I had been in my new room for days now.
Maybe it was a metaphor for the madness of the man who killed my mother?
Maybe PJ was telling me that I needed to wake up and see that things were still alive and moving around me, even though my mom was gone and I felt so all alone?
Maybe he meant something else, and I was just too dumb to understand?
But then I remembered what Private Jackson stood for, what he was all about—all of the Zen stuff.
I instantly understood that PJ woke up in the middle of the night and heard squirrels in his bedroom walls, so he took a mental snapshot of the moment and wrote me a haiku.
Nothing more.
The moment just was—free of the emotions and judgments or any of the other illusionary things we humans feel the need to attach to everything we encounter.
Reading Private Jackson’s haikus after my mother’s murder—I totally got why he had been writing haikus all this time, ever since ’Nam, training his mind to allow things to exist without all of the complicated emotional baggage.
Everything simply is—always and forever.
THE FALLEN LEAF FLIES
LIKE A YOUNG ICARUS AND
THEN DISINTEGRATES
I totally get haikus now. True.
And Private Jackson is my favorite writer.
CHAPTER 25
“Father Chee?”
“Yes, Amber?”
“Why does God allow horrible things to happen to good people?”
“I don’t know.”
CHAPTER 26
One day—on Donna’s iPod—I listen to Dinosaur Jr.’s “Puke and Cry” a million times in a row. I just set it to repeat the one song over and over again, and then I listen for several hours—tripping out.
I pretend that the lead singer—J Mascis—is singing me the song over and over again from Donna’s living room downstairs. Mascis—who has long silver hair, because he is old now—keeps on singing, “Come on down. Come on down. Come on down,” like he really wants me to come down from my little cocoon of haikus and misery.
I don’t come down, but I like pretending there is an obscure rock star who wants me to.
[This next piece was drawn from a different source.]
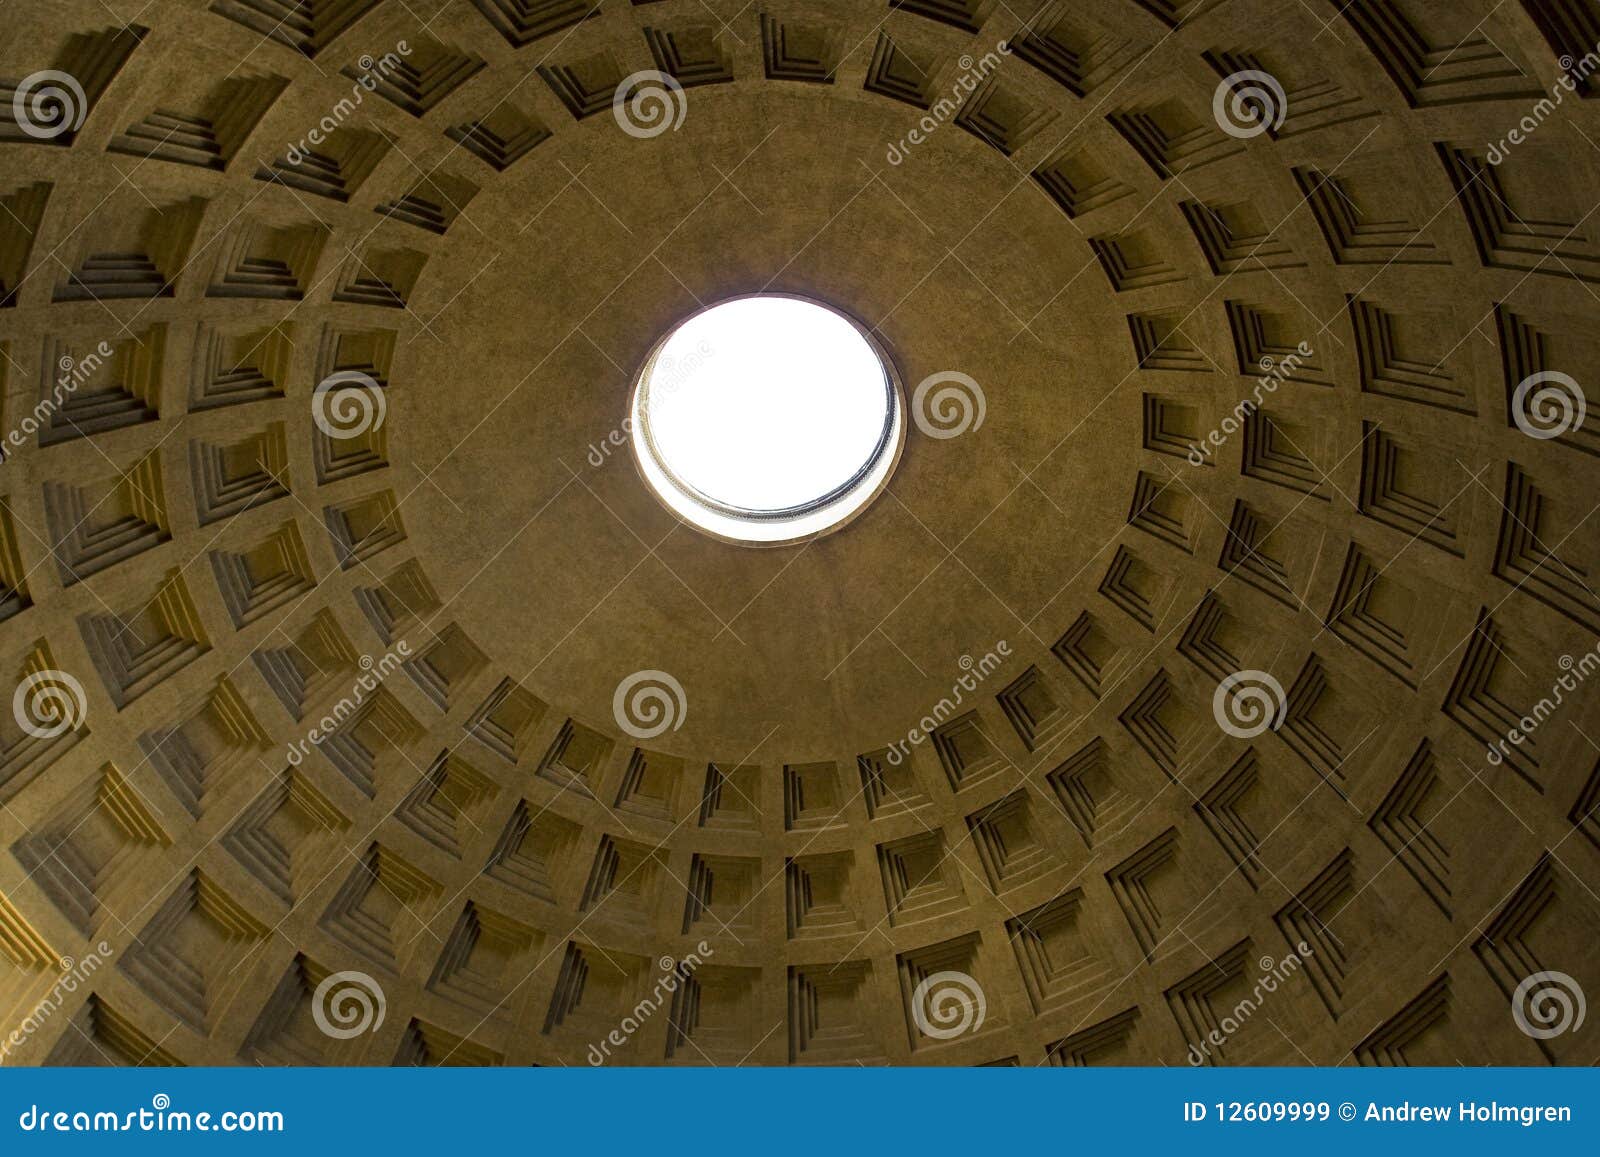 pantheon oculus

The battery finally runs out, and when I take the headphones off, my ears are ringing, J Mascis is gone, and Donna is calling to me, asking me if I want some soup.
CHAPTER 27
“Father Chee?”
“Yes, Amber?”
“When will it stop hurting so badly?”
“I don’t know.”
CHAPTER 28
GRASS TEA BOILED AND DRUNK
MY DOG ROLLS THROUGH TOMORROW’S
CUP—THERE’S ENDLESS TEA
CHAPTER 29
After a month or so, Old Man Linder pays me a visit on behalf of the entire Methodist Home.
Donna comes into my room and says that I have to come down to see Old Man Linder because he can’t walk up steps. Donna’s murder trial ended a week or so ago and she has taken some time off from work to care for me, which I told her not to do. She dotes on me now, even though I hardly talk to her.
“I only go down once a day to check the mail,” I tell Donna. “Tell Old Man Linder he’ll have to come up here if he wants to talk to me.”
“The man has tubes running up his nose and is attached to an oxygen—”
“Yeah, I know him,” I say, like a total cat.
“He can’t walk stairs. He said it could kill him, but he really wants to talk to you, Amber. I don’t think he leaves the home much. Please just come down. He’s an old man and I think it might be good for you to—”
“No,” I say. “Tell him he can come back tomorrow around one fifteen when I’ll be checking the mail. That’s when I will next come downstairs.”
“Amber, what’s happening to you?” Donna says in this really dramatic fashion that pisses me off.
When I don’t answer, she leaves.
Ten minutes later, Donna returns and hands me a cup of hot cocoa and a Snickers bar, and then shakes her head at me before exiting my poetry cocoon.
I hear Old Man Linder breathing really hard on the steps.
One footstep, clunk, heavy breathing.
One footstep, clunk, heavy breathing.
One footstep, clunk, heavy breathing.
His oxygen tank makes an awful clunk each time he sets it on a higher step.
“Mr. Linder,” Donna says, “perhaps—you really shouldn’t—”
“Don’t tell me what I can and can’t do! I’m old enough to be your grandfather, thank you very much!” Old Man Linder says, and then sucks in an awful breath like he has been underwater for the last two hours or something.
He and Donna fight about whether he should be walking up the steps for another few minutes before I yell, “Donna, your making him yell isn’t helping!”
And then I only hear footsteps, clunking, and heavy breathing.
When Old Man Linder reaches the top of the stairs, he looks like he might fall backward and die. His face is completely white, which makes me feel like a total cat, so I walk into the hallway, grab his arm, and escort him into my room.